In order to see substantial health benefits, the U.S. Department of Health & Human Services (HSS) recommends all adults do 150 to 300 minutes per week – approximately 30 minutes per day - of moderate-intensity exercise or 75 to 150 minutes of vigorous-intensity exercise each week, or a combination of the two. HSS also recommends resistance training of all major muscle groups at least twice a week. These guidelines are especially important for women, as cardiovascular and strength training reduce the risk of heart disease and promote lean muscle mass and healthy bone density. Daily exercise also helps to moderate stress levels.
Eat a Balanced Diet
Regardless of a woman’s age, nutrition experts generally recommend a diet that is focused on fruits, vegetables, fiber and protein, with special attention on the vitamins and minerals women need most. Consider a multivitamin, like Kore Women’s Multi Gummies, to fill in the gaps in your diet. Here are some important vitamins and minerals to consider:
- Calcium: Early in life, women deposit calcium into their bones.
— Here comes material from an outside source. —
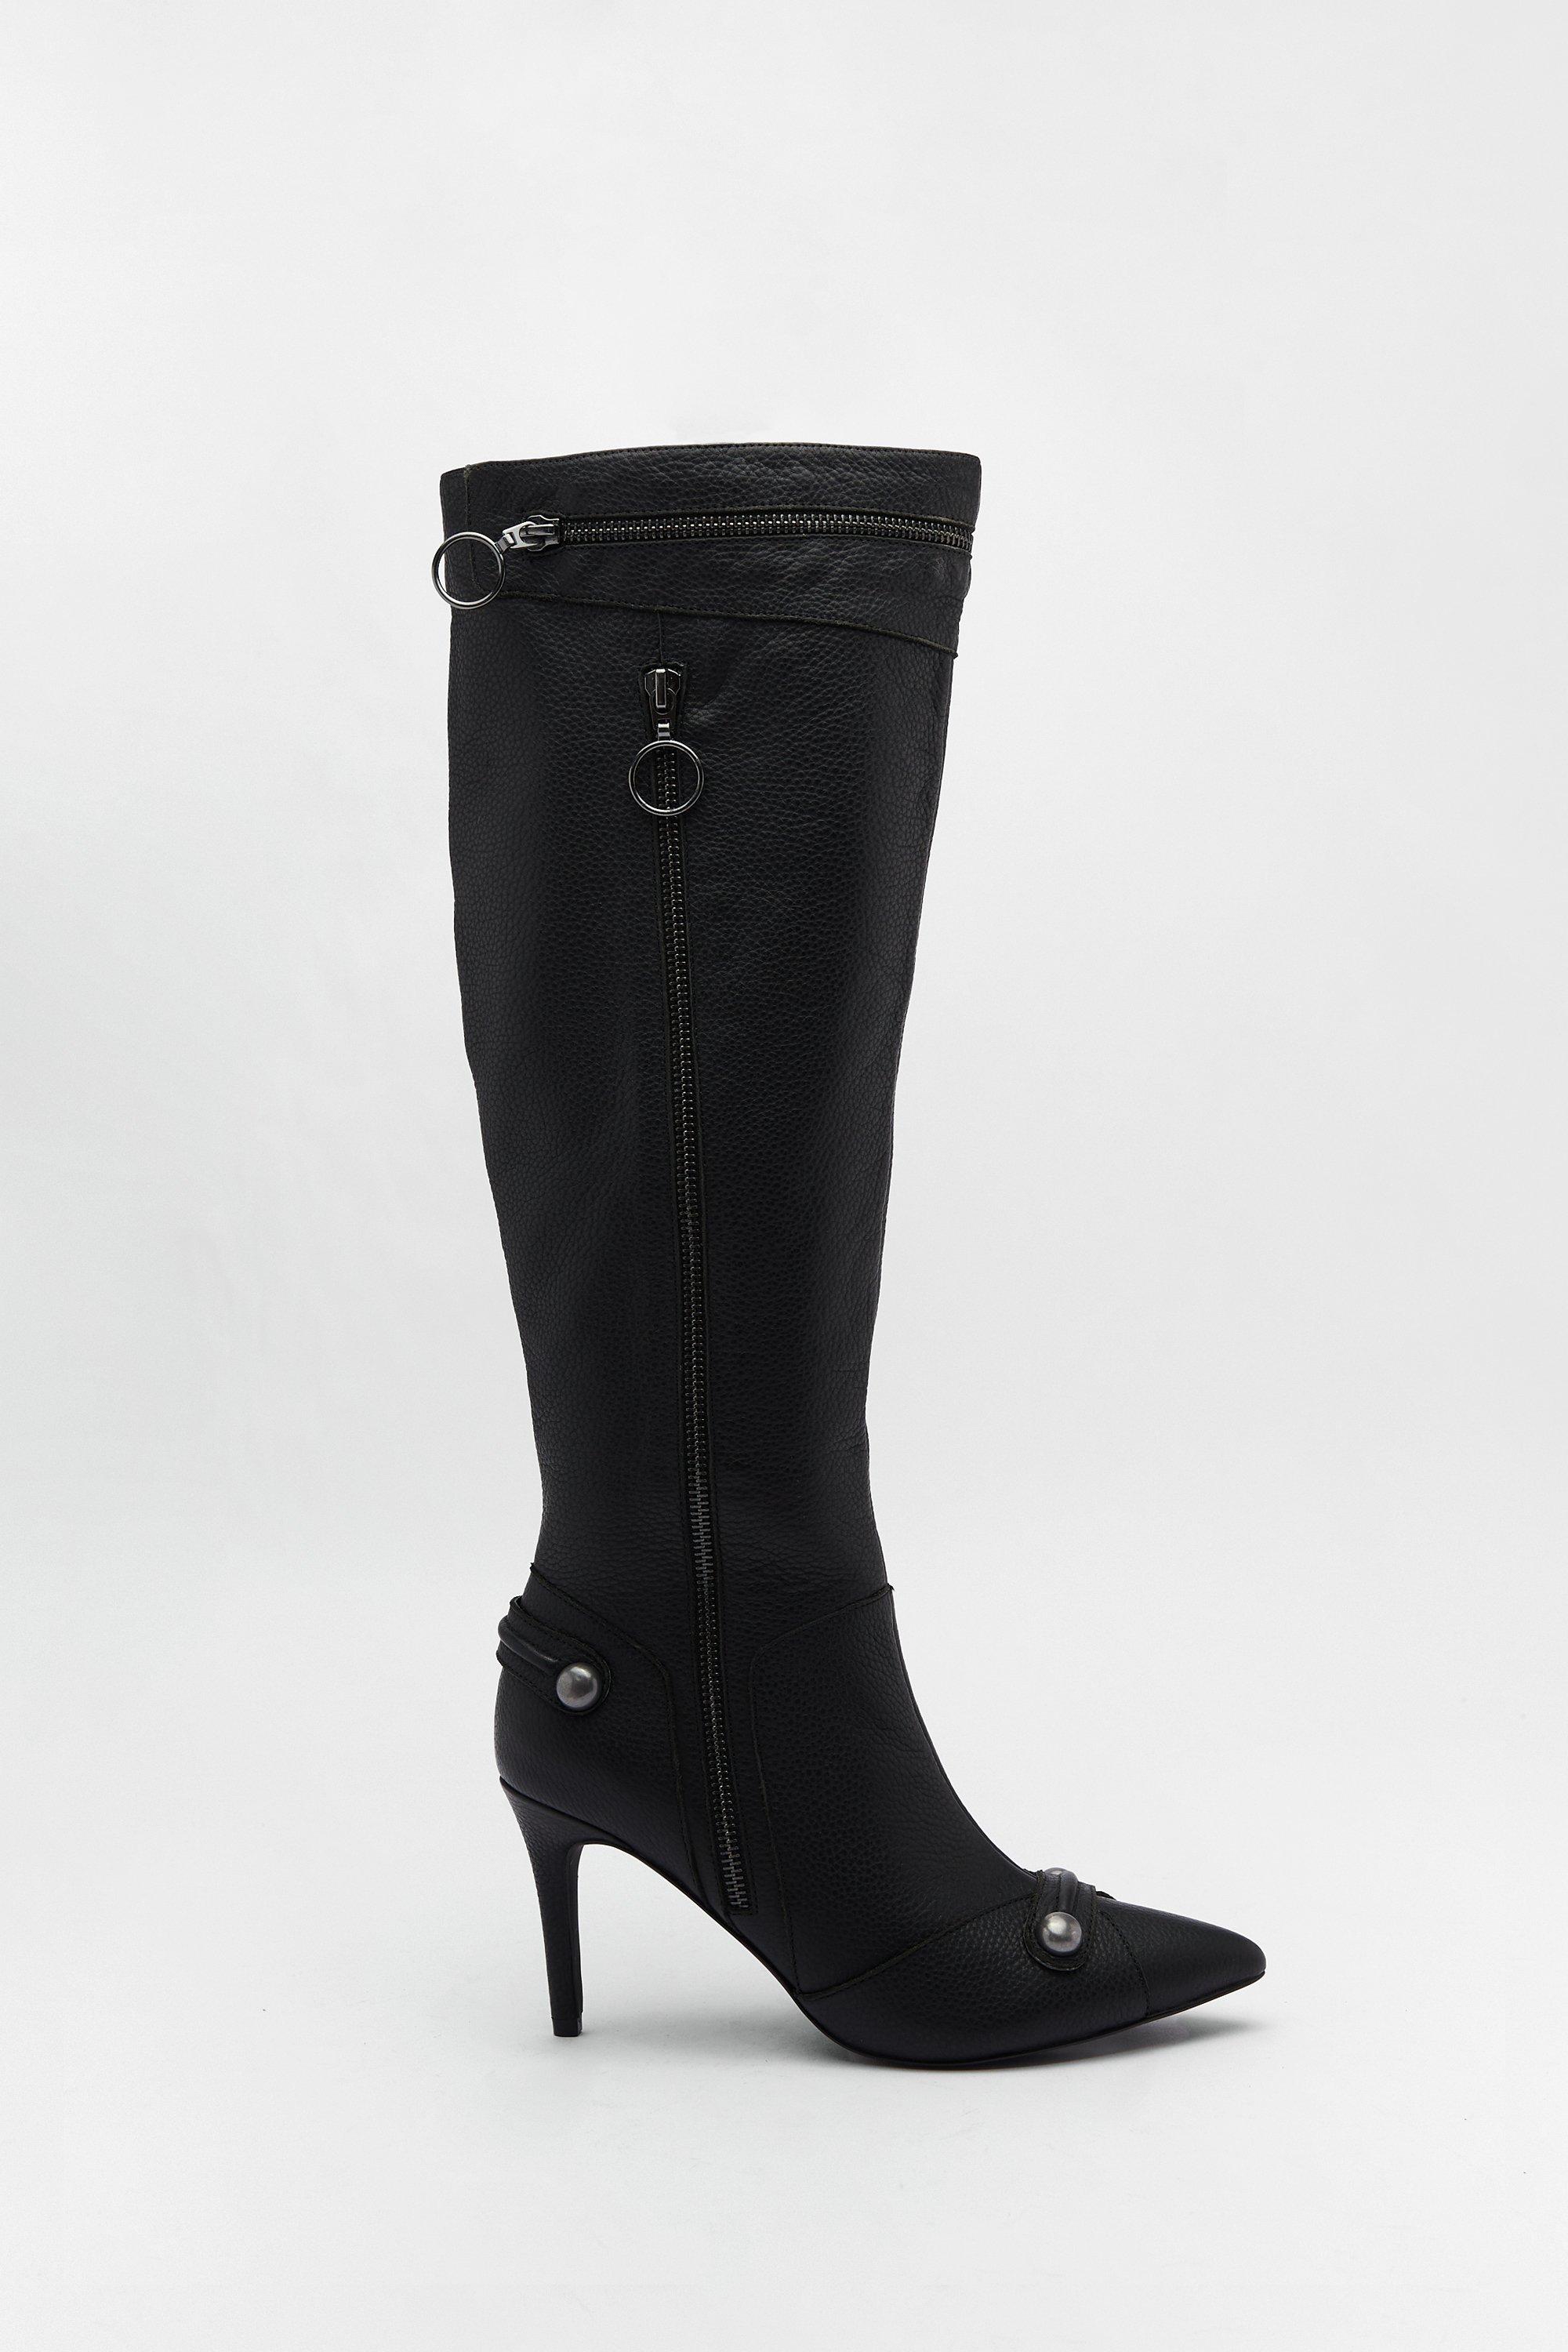 Womens Leather Zip & Stud Pointed Toe Knee High Boots - black

When they reach their 30s, they draw calcium from their bones, which weakens them. Consuming enough calcium at all ages is critical to maximize the amount of calcium you put in when you’re younger and then avoid depleting it later. Excellent food sources of calcium include milk, cheese, yogurt, sesame and chia seeds, beans, lentils, almonds and dark, leafy greens.
- Iron: Women need up to 125% more iron than men, especially if they are pre-menopausal. Iron is necessary for the production of hemoglobin, which carries oxygen to red blood cells so it can be transported from the lungs to the muscles, and iron deficiency can lead to low energy levels and even exhaustion. To boost iron levels, eat eggs, red meat, chickpeas, pumpkin seeds, lentils, and spinach.
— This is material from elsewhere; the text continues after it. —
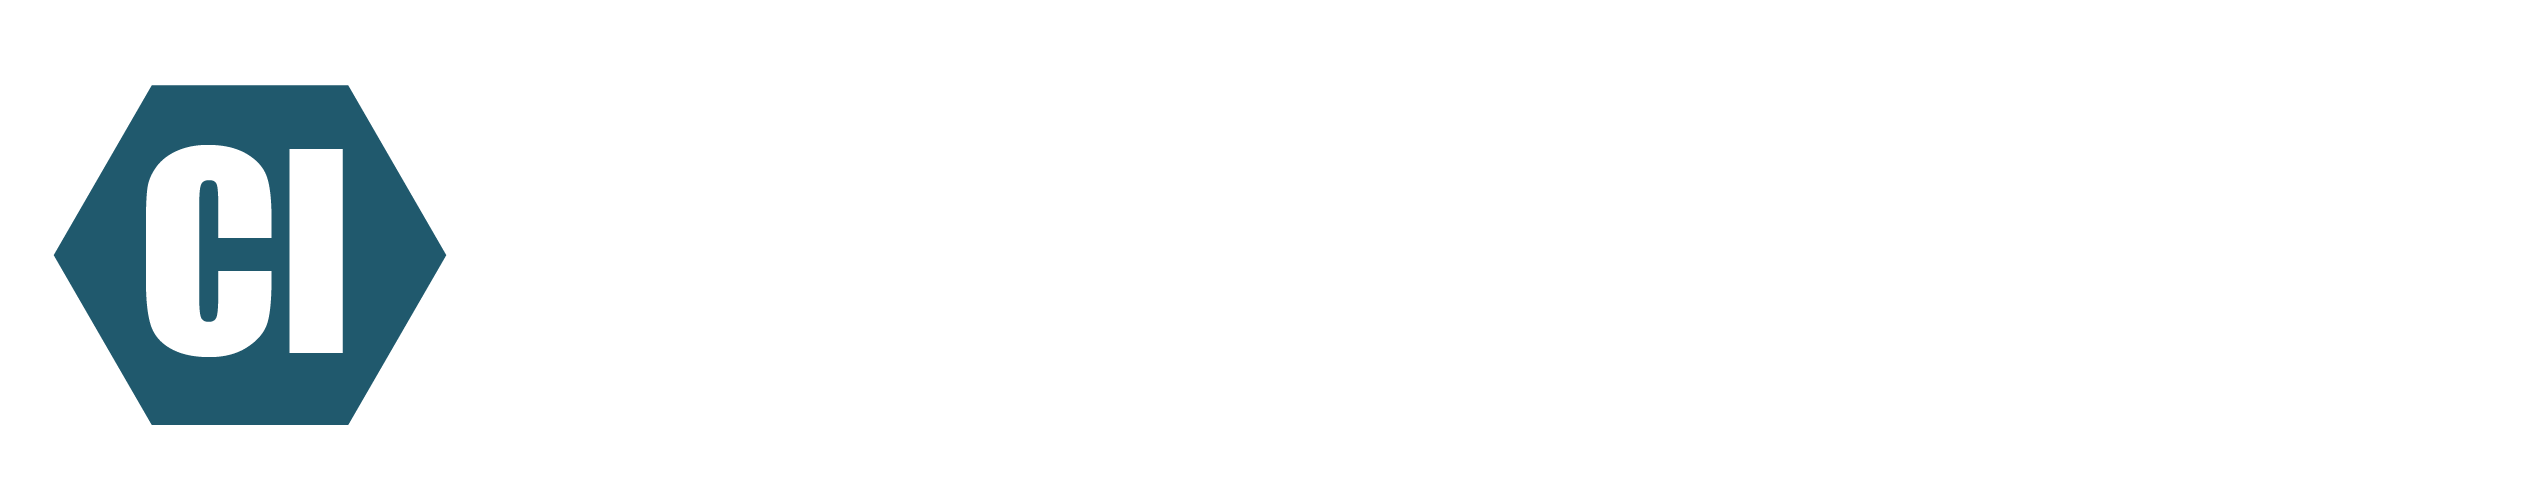 Currency Informer - CryptoCurrency Tracker logo

- Folate: Folate, or vitamin B-9, is essential to women of childbearing. Folate helps to maintain healthy DNA, which reduces the chance of birth defects and can lower a woman’s risk for heart disease and certain cancers. Beans, asparagus, leafy greens, beets, and eggs are all high in folate.
Get Your ZZZZZs
The National Sleep Foundation recommends adults aged 18 to 64 get seven to nine hours of sleep per night, but women need at least 20 minutes more sleep each night than men. Research shows women tend to multitask more and use more of their brain than men, leading to an increased need for sleep to rest and recharge. However, getting the proper amount of sleep can be challenging during pregnancy or menopause, or if you have a partner who tosses and turns. Get more shut-eye by getting regular exercise, limiting caffeine and alcohol intake, limiting food intake and blue light exposure – computers, tablets, televisions – three hours before bedtime, sticking to a consistent bedtime and sleeping in a cool and dark room.
Skin cancer has reached epidemic proportions in the U.S., with 2 to 3 million new cases each year. Of those, women under age 45 are disproportionately affected. When possible, avoid the sun between 10 a.m. and 2 p.m., when it is the strongest. When you are outside, wear protective clothing – wide-brimmed hats, UV-blocking glasses, rash guards at the beach – or a broad-spectrum sunscreen with an SPF of 30 or higher, reapplied frequently. Decreasing your exposure to UV radiation decreases your risk of sunburn, both of which increase the risk of skin cancer.